As implicações do novo estudo vão muito além do álcool, segundo os pesquisadores. Estímulos ambientais condicionados ao reforço negativo – a motivação para agir a fim de escapar da dor ou do estresse – é uma característica universal do cérebro e pode impulsionar o comportamento humano além dos transtornos de uso de substâncias, como transtornos de ansiedade, condicionamento ao medo e aprendizagem de esquiva traumática.

“Este trabalho tem aplicações potenciais não apenas para a dependência do álcool, mas também para outros transtornos onde as pessoas ficam presas em ciclos prejudiciais,” diz Nedelescu.

Pesquisas futuras irão se aprofundar ainda mais. Nedelescu e colegas da Scripps Research querem expandir o estudo para fêmeas e estudar os neuroquímicos liberados no PVT quando os sujeitos encontram ambientes associados à experiência de alívio desse estado hedônico negativo. Se conseguirem identificar moléculas envolvidas, isso pode abrir novas avenidas para o desenvolvimento de medicamentos alvejando essas moléculas.

Por enquanto, o novo estudo sublinha uma mudança chave na forma como os cientistas básicos pensam sobre dependência.

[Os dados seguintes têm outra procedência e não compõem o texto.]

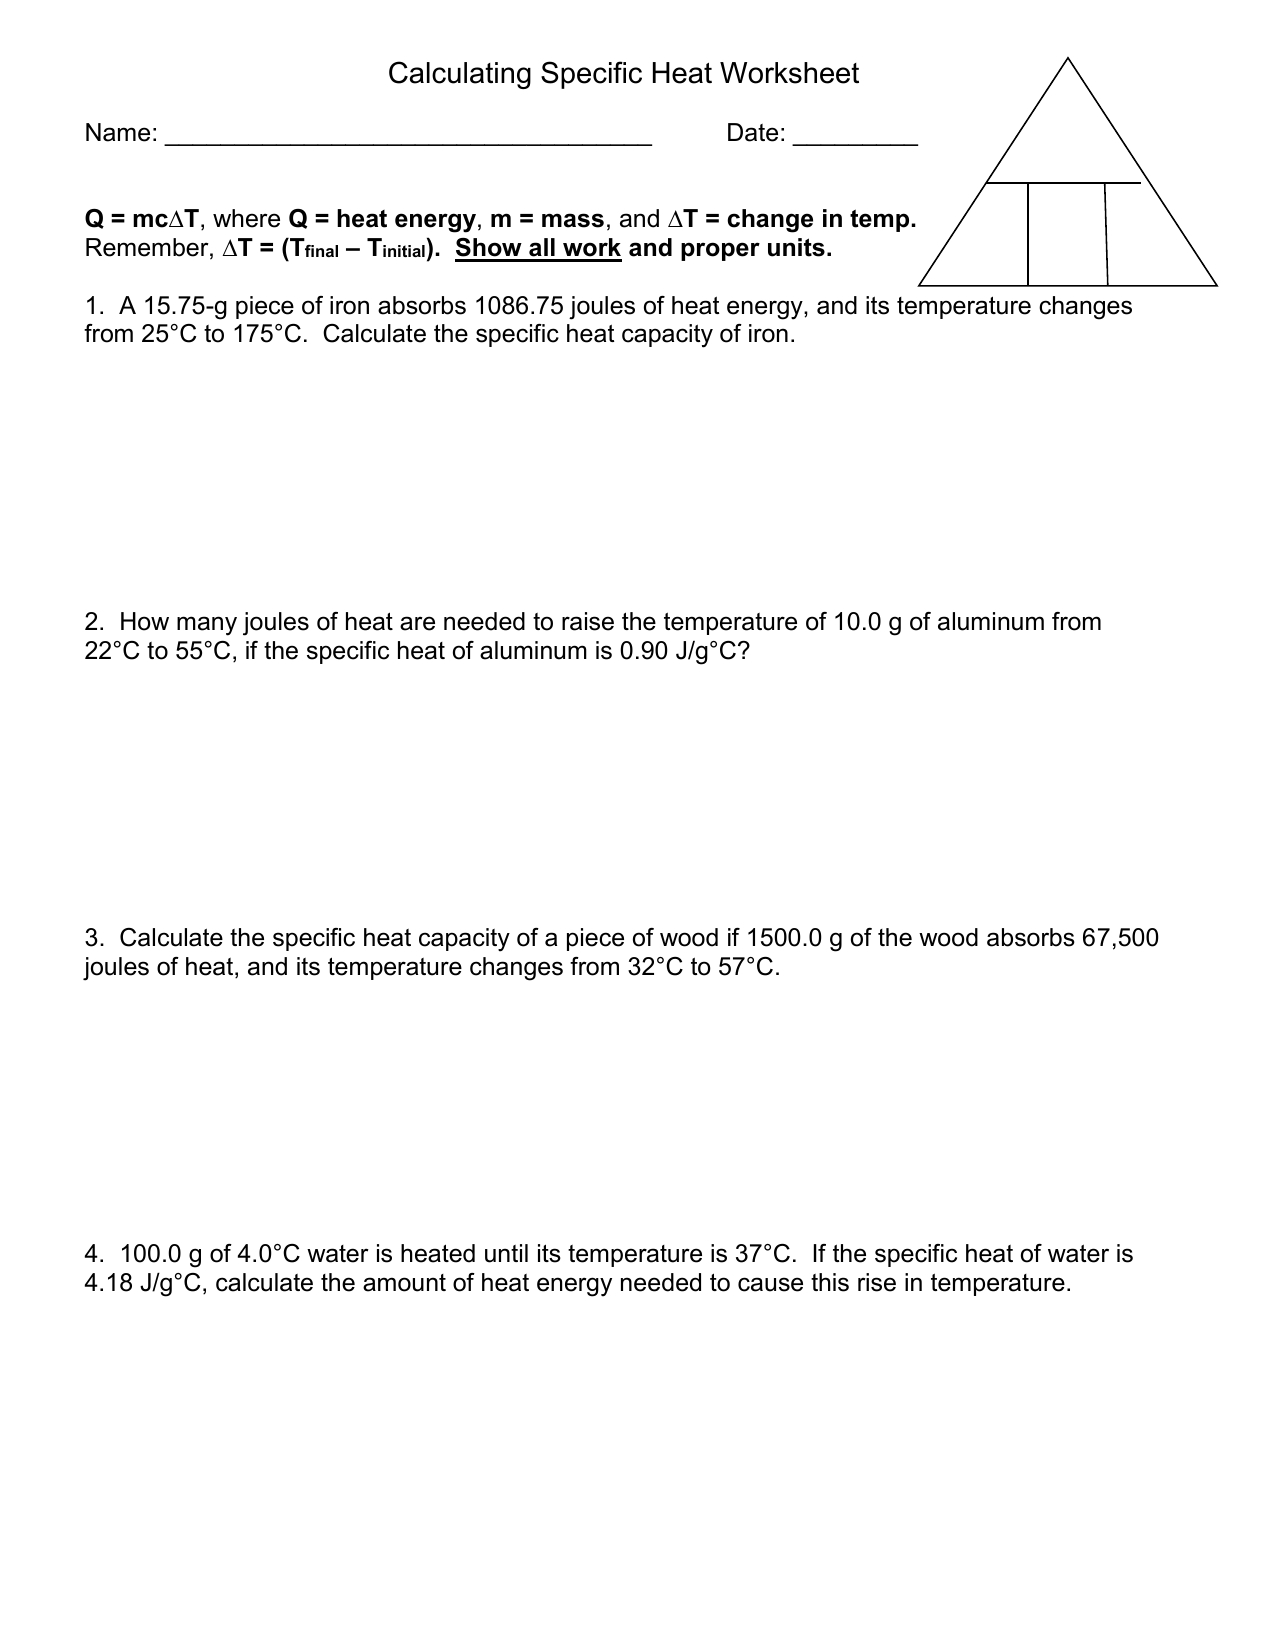 Specific Heat Worksheet Also Specific Heat Calculations Worksheet
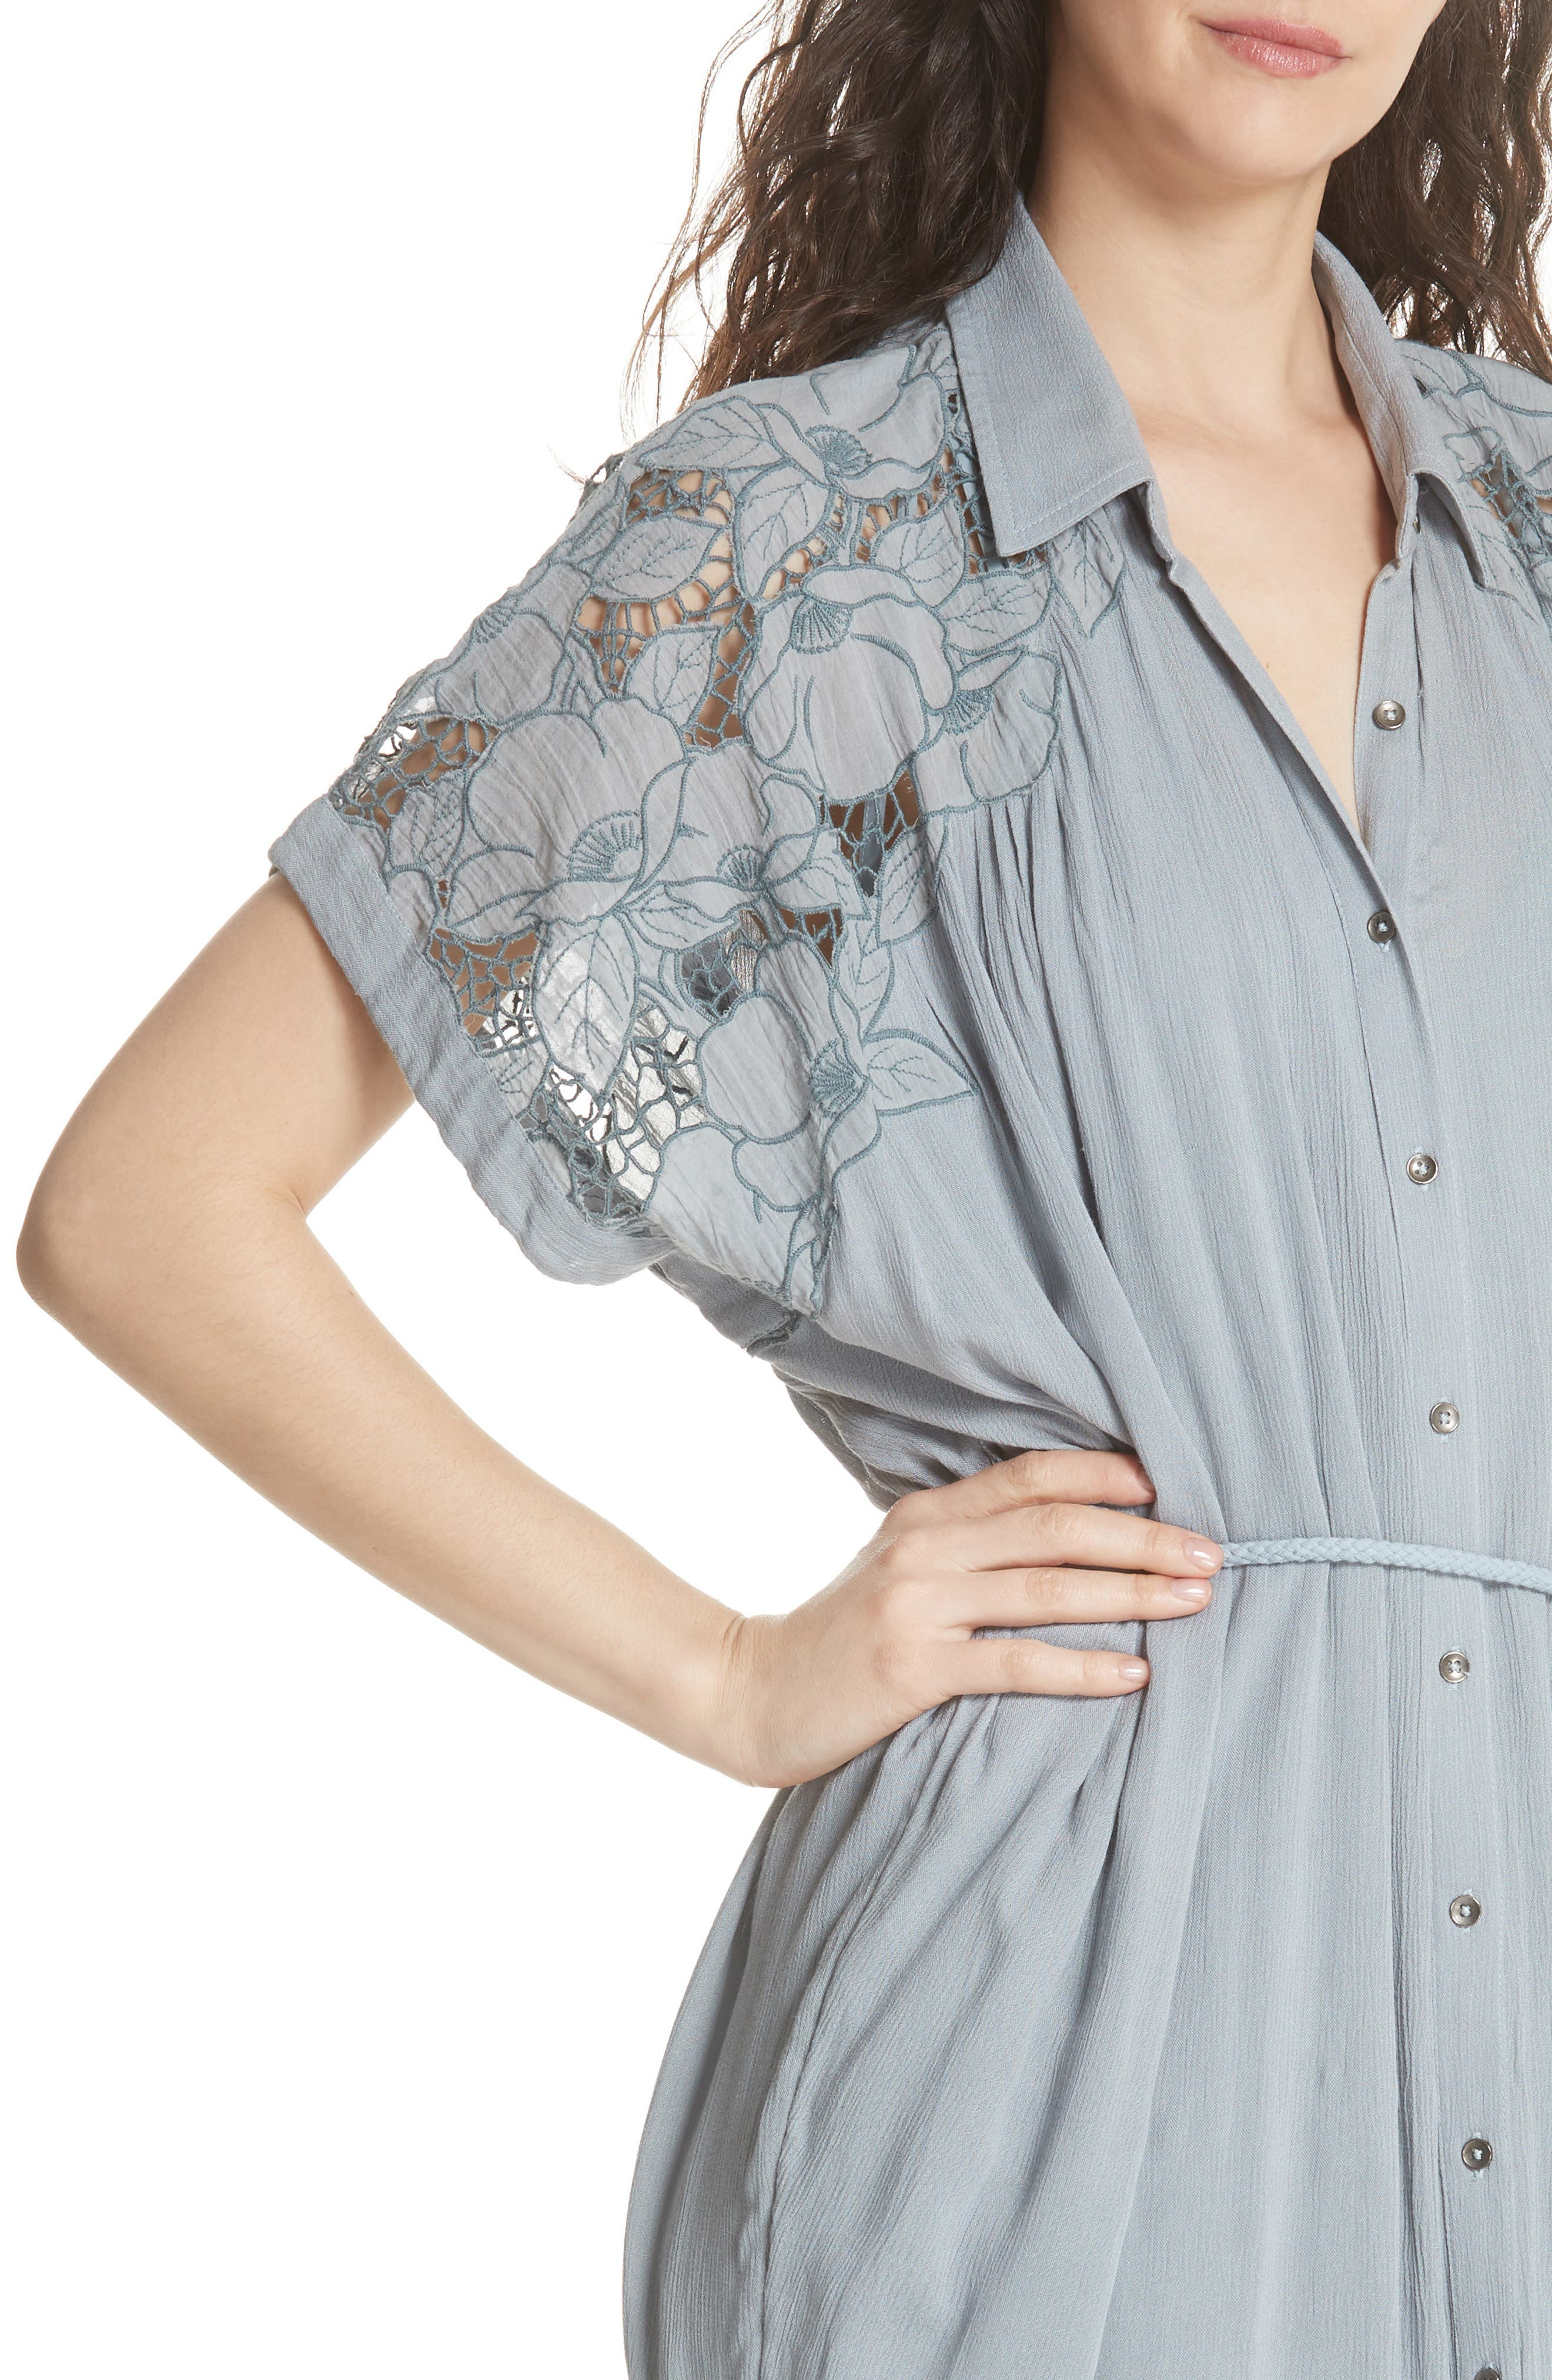 Cut It Out Midi Shirtdress,                             Alternate thumbnail 4, color,                             Blue

“Como psicólogos, há muito sabemos que a dependência não é apenas sobre buscar prazer – trata-se de escapar desses estados hedônicos negativos,” diz Weiss. “Este estudo nos mostra onde no cérebro esse aprendizado se fixa, que é um passo à frente.”

Além de Weiss e Nedelescu, os autores do estudo “Recrutamento de Populações Neurais no Tálamo Paraventricular de Ratos em Busca de Álcool com Experiência de Aprendizado Relacionada à Abstinência” incluem Elias Meamari, Nami Rajaei, Alexus Grey, Ryan Bullard e Nobuyoshi Suto da Scripps; e Nathan O’Connor da MBF Bioscience.

Este trabalho foi apoiado por financiamento dos Institutos Nacionais de Saúde (Ruth L. Kirschstein Institutional National Research Service Award T32AA007456, K01 DA054449, R01 AA027555 e R01 AA023183).